Works like a charm, our product owner and engineering team are happier than ever, since it takes away a big part of the risks and makes rollbacks a lot faster.


How are they able to achieve slicing their userbase into thousands of pieces to do this gradual release?


One way to accomplish this would be reverse proxy layer with sticky sessions that routs some percentage of traffic to X and some to Y.


This is in fact exactly what we (https://www.turbinelabs.io) do. With enough proxy work you can tee some traffic to version Y and observe success rate/latency, then discard the response (or compare it with version X's response), at least for idempotent requests.


A sort of A/B test, where what is tested is the implementation.


>>> Where release engineering gets interesting is how you handle the happy path vs. a breaking release.

It's simple. Never make a breaking release.


This is basically a: "We kill the Batman" statement, on its own :)

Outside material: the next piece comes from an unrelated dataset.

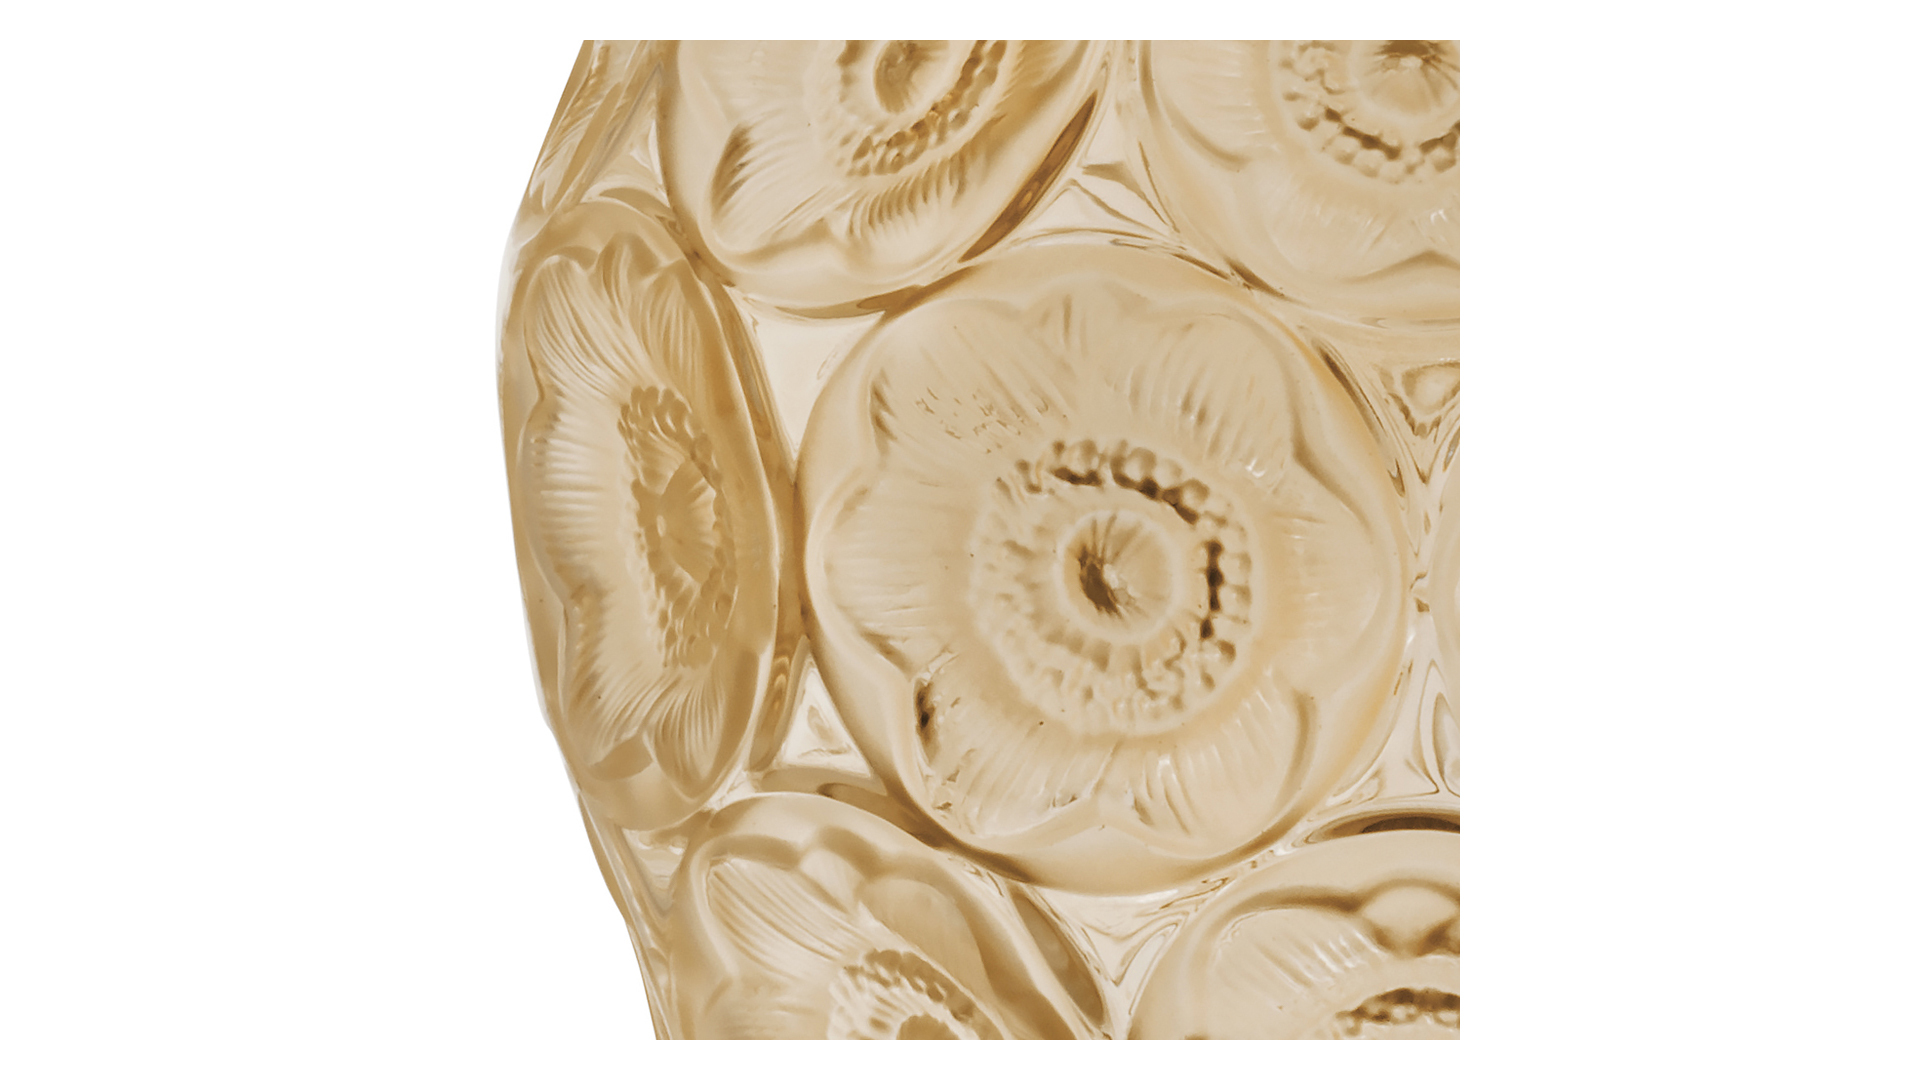 Ваза Lalique Anemones, хрусталь, золотой

On the opposite, it's more of a "dont kill the batman".

How hard can it be to not do something? Not very difficult.


But you are doing something, writing then releasing software, regardless. It's silly to claim that "not making mistakes" is easier than "making mistakes".


Yes, it's very easy if you never release.


You're referring now to "Don't commit any crimes"


It makes sense upon reflection, but something I thought interesting was how they run linters and static analysis tools in parallel with building. I've been used to build-and-test pipelines where these are done serially, because what's the point in building if the linter fails, and what's the point in static analysis if the build fails? But the point is, they can be done in parallel and that reduces latency of feedback to the developer.


Note: Everything in this comment is based on personal experience and observations as a Facebook user. They're all my opinions too.

In my experience of using Facebook (primarily groups), it is a highly buggy platform and it's very hard to say that it behaves consistently or even that features are really ready before release - this, IMO, implies that both development and testing as well as rolling out the releases are messed up. This post talks about building a better "conveyor belt", so to speak, to release changes, but if the basic product is buggy and didn't get good attention in design/dev/test, no improvements in the "conveyor belt" can help make it awesome.

Standard features that have existed for long may or may not work (how good are the regression tests then?). Posts and comments in groups may sometimes just disappear (thank goodness an admin activity log was added sometime in the last several months so we can stop wondering if an admin deleted anything). There's a feature in groups to mandate people wanting to join a group to answer some questions setup by the admins. Most people submit the answers but that never gets saved, and it's unknown what the trick is to get the answers to stay (this has been around for several months now?). New features aren't always announced.

I see Facebook as a platform that's used to share ephemeral things. So this level of quality is probably just ok (though I don't believe it justifies the company's revenues and valuation).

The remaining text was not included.